The story was inspired by the extraordinary status of the Inner and Middle Temple (collectively known as the Temple.) The area, as a so-called ancient liberty, is in many ways quite separate from the whole of the rest of London. It is an independent local authority. And believe it or not, the City of London Police enter only with the permission of the Temple and share policing of the area with the Temple porters. Couple that with the fact that the same Temple porters man the gates 24 hours a day and the area is locked at night to all outsiders, and you have the makings of a classic murder mystery. It really only needed a body, a detective and a sidekick. So I set to, and ‘A Case of Mice and Murder’ is the result.

It tells the story of two mysteries in 1901 in the heart of legal London.

The first is the dramatic murder of the Lord Chief Justice and the quest to find his killer. The second a sensational legal battle over the rights to a book written by an anonymous author. 

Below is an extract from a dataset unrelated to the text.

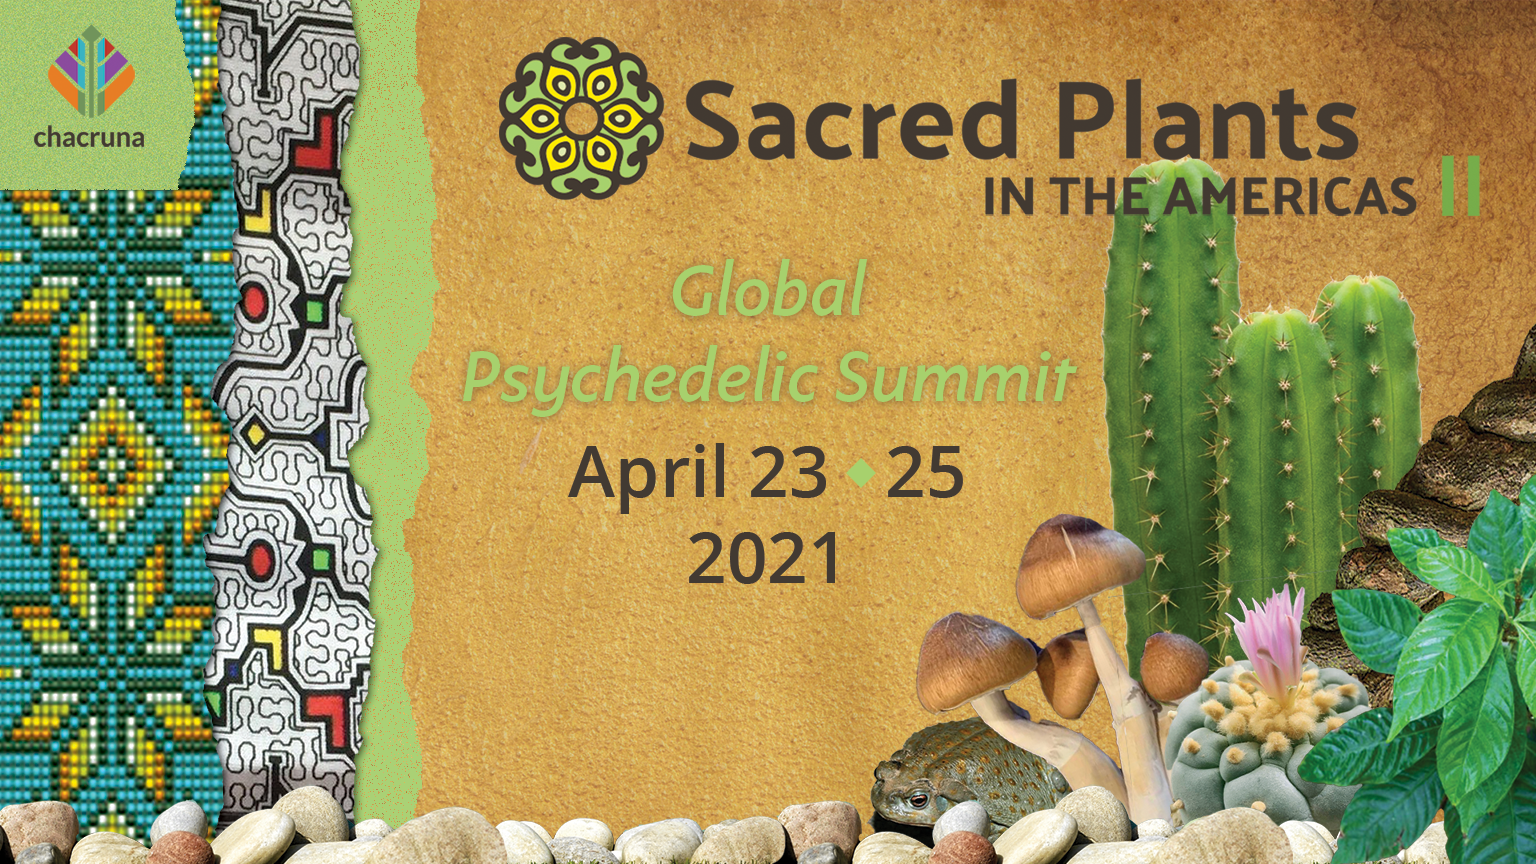 Chacruna’s Sacred Plants in the Americas II, April 23-25, 2021

There is one man linking them; Sir Gabriel Ward KC, Eton and Oxford educated, brilliant, solitary, reclusive, bound by compulsive rituals; reluctant sleuth in the first story, legendary advocate in the second.

The body of the Lord Chief Justice, is found in evening dress, with mysteriously bare feet, lying in the Temple one morning in 1901. The ‘how’ is not very difficult; a carving knife is sticking out of his chest. But who would do such a thing to a conventional successful Judge? And why?

Sir Gabriel Ward KC has no desire to play detective. He wants to be left alone to prepare for his next case. But he literally stumbles upon the body and so becomes drawn into the mystery.

His sidekick is Constable Maurice Wright of the City of London Police, who yearns to become a detective, left school at fourteen, has never read a book for pleasure and who lives with his large loving family in the East End of London.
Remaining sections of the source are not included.